What you have to do
Would you copy, word for word, each line from the one with "Rebalancing-artikel-Happinez-okt-2016-4.png" to the end of the listing below, skipping all pictures?

Supplied information
§
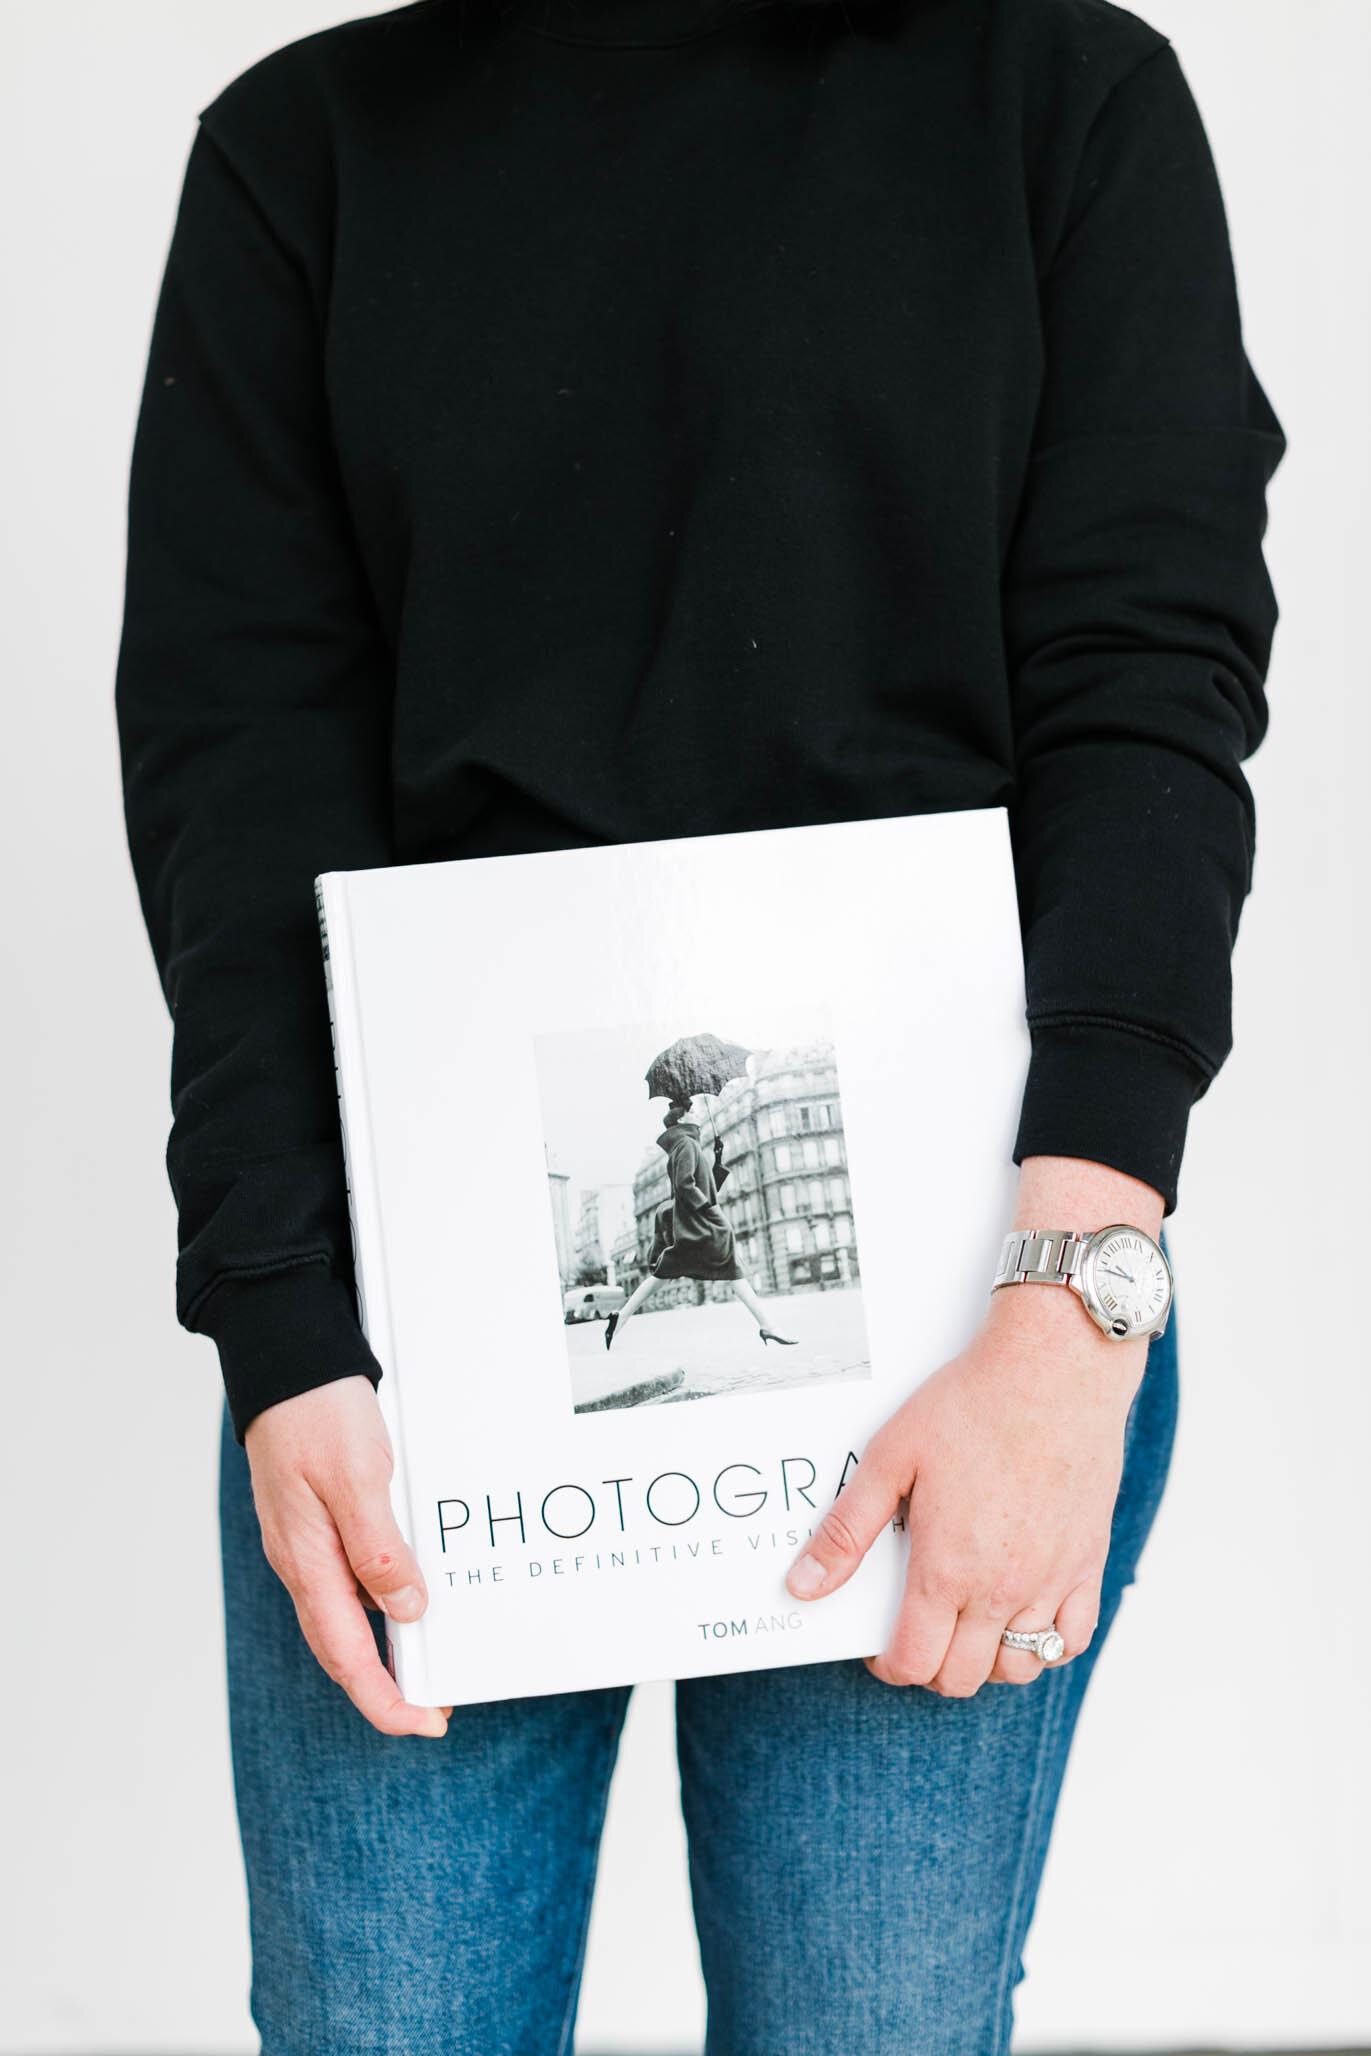 Denver Branding & Lifestyle Photographer at Denver Photo Collective
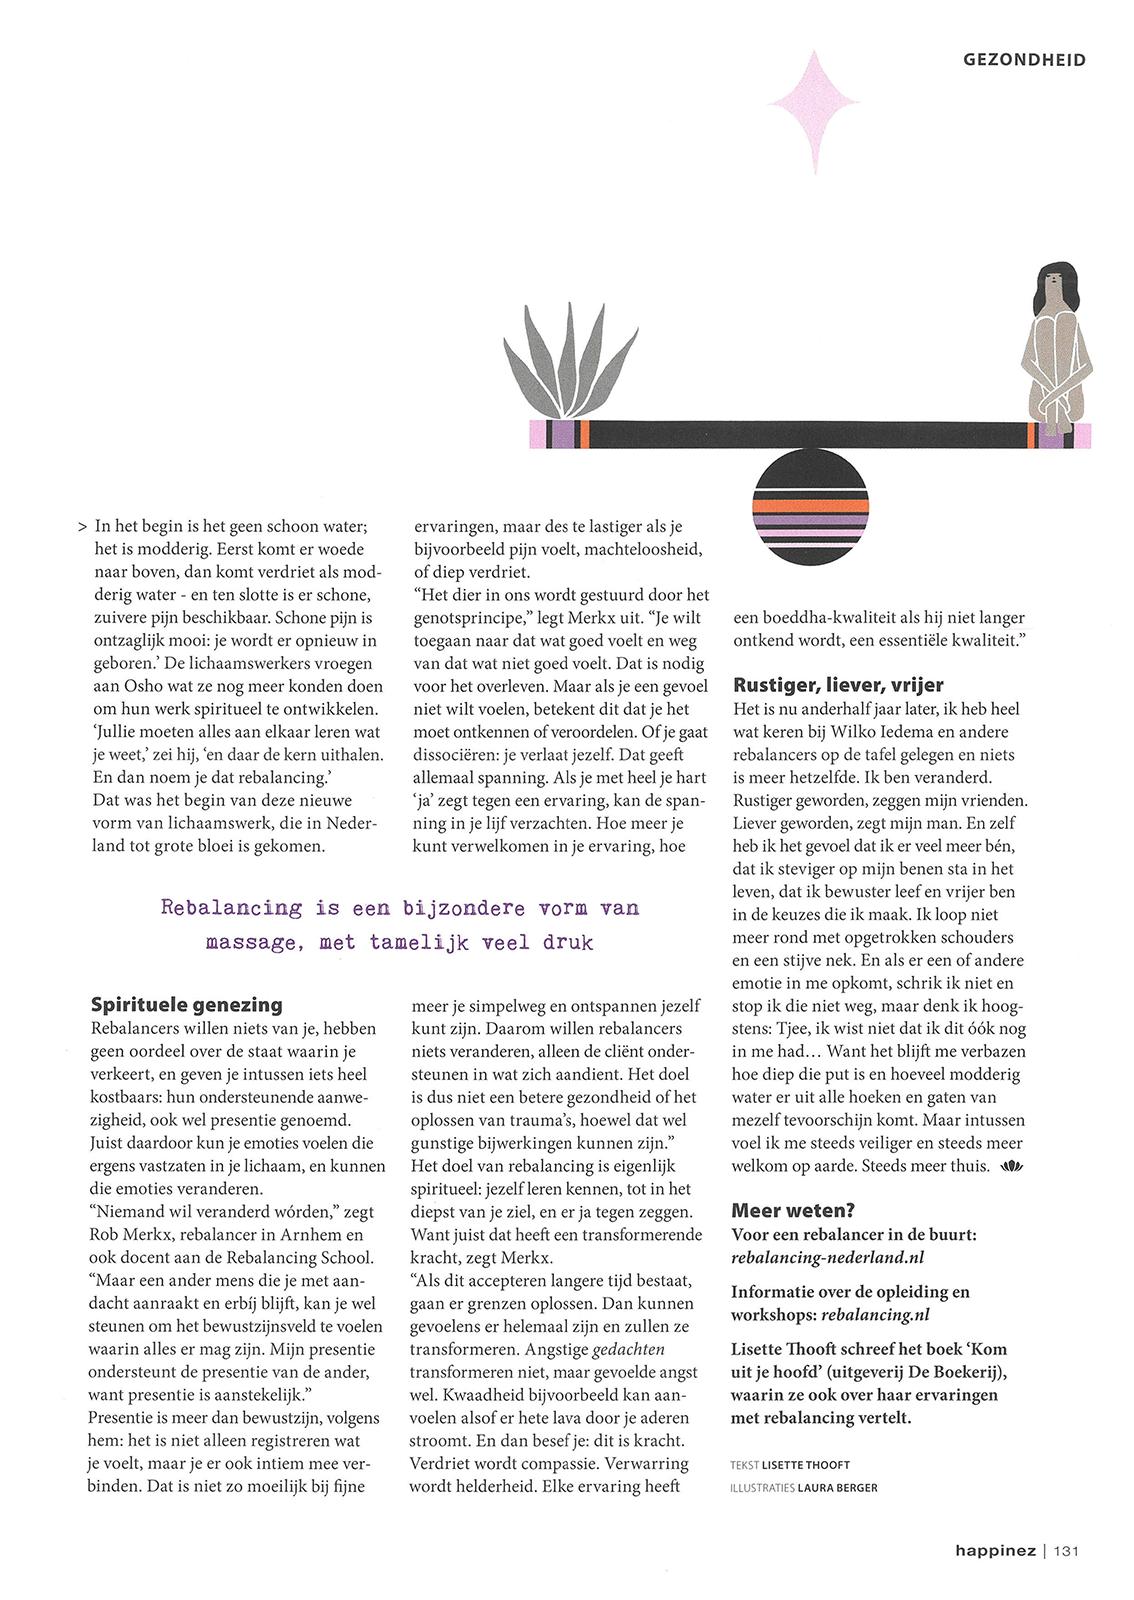 Rebalancing-artikel-Happinez-okt-2016-4.png
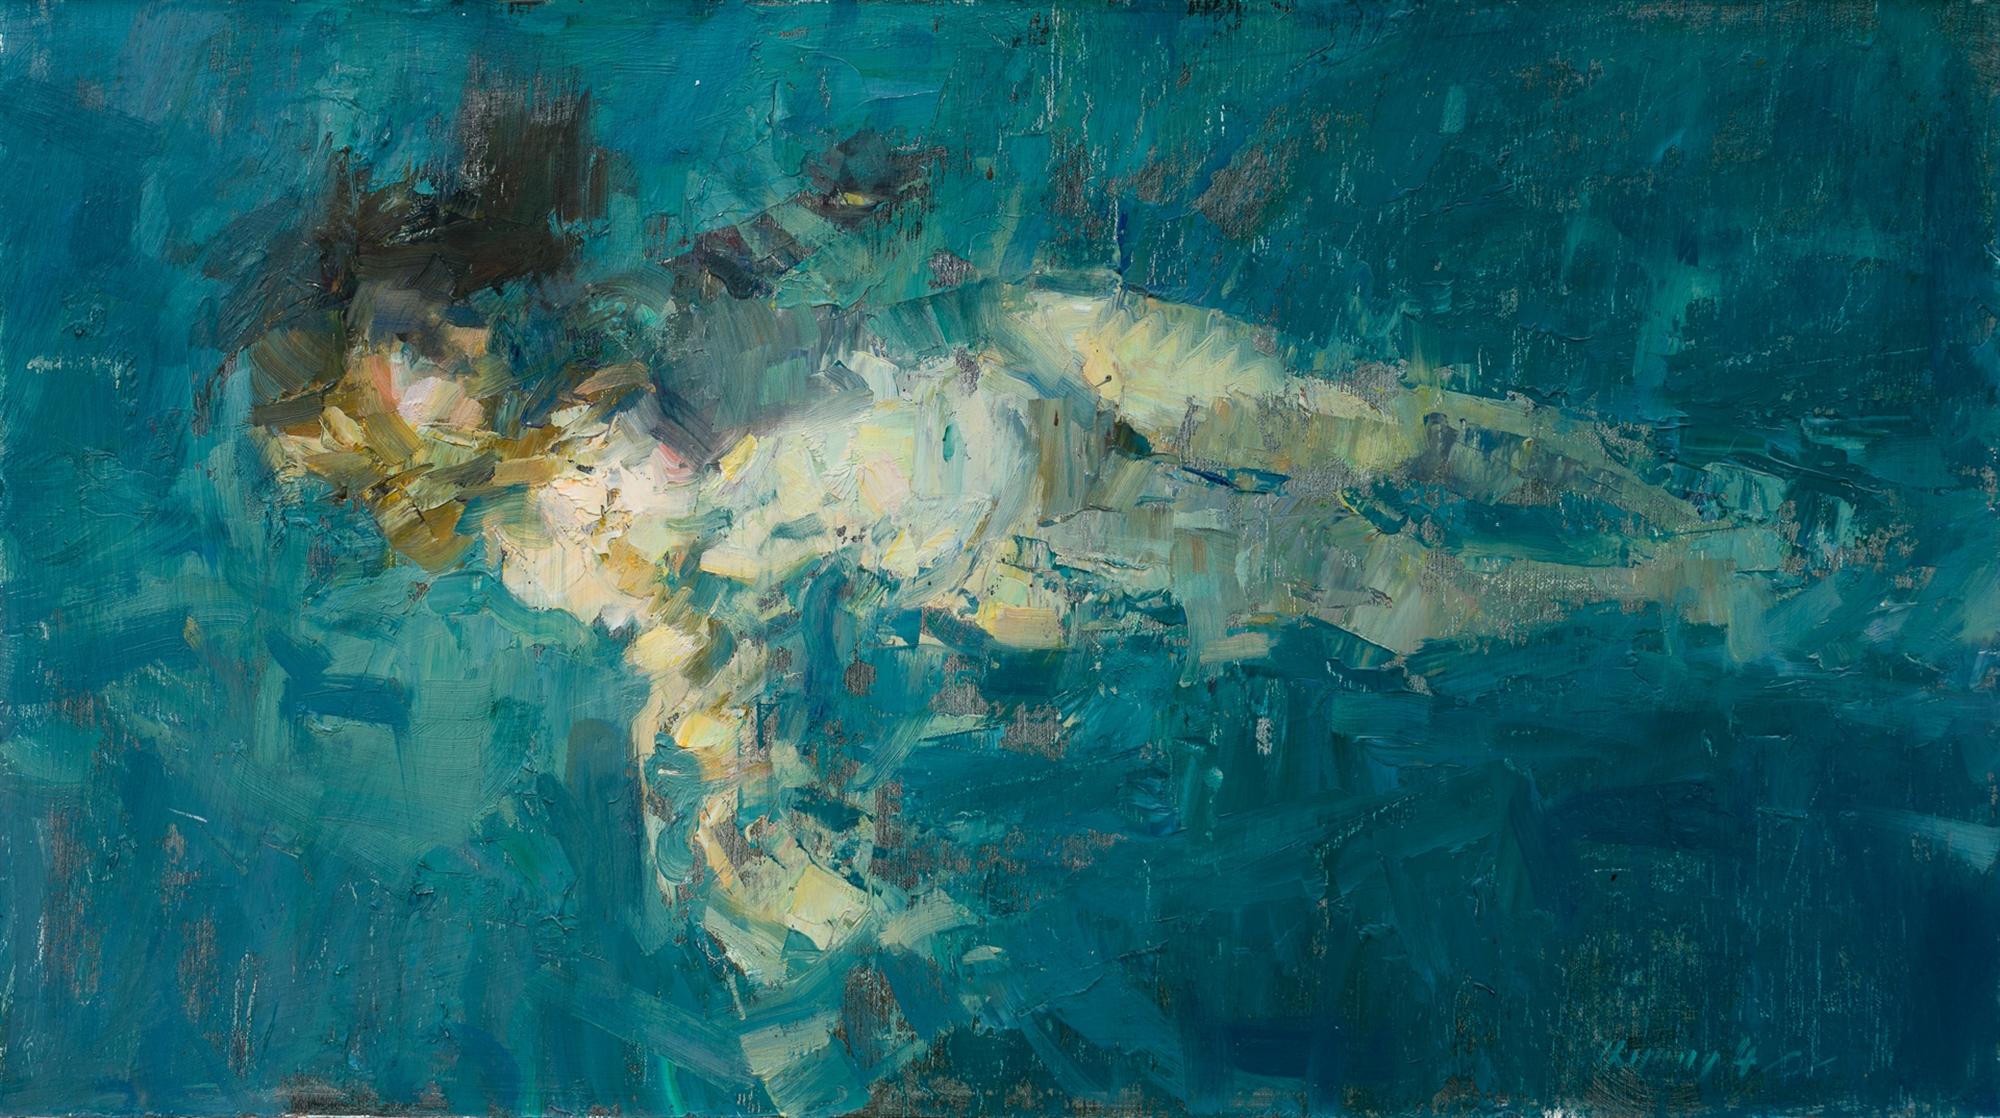 Mermaid by Quang Ho
§
Response
 Rebalancing-artikel-Happinez-okt-2016-4.png
 Mermaid by Quang Ho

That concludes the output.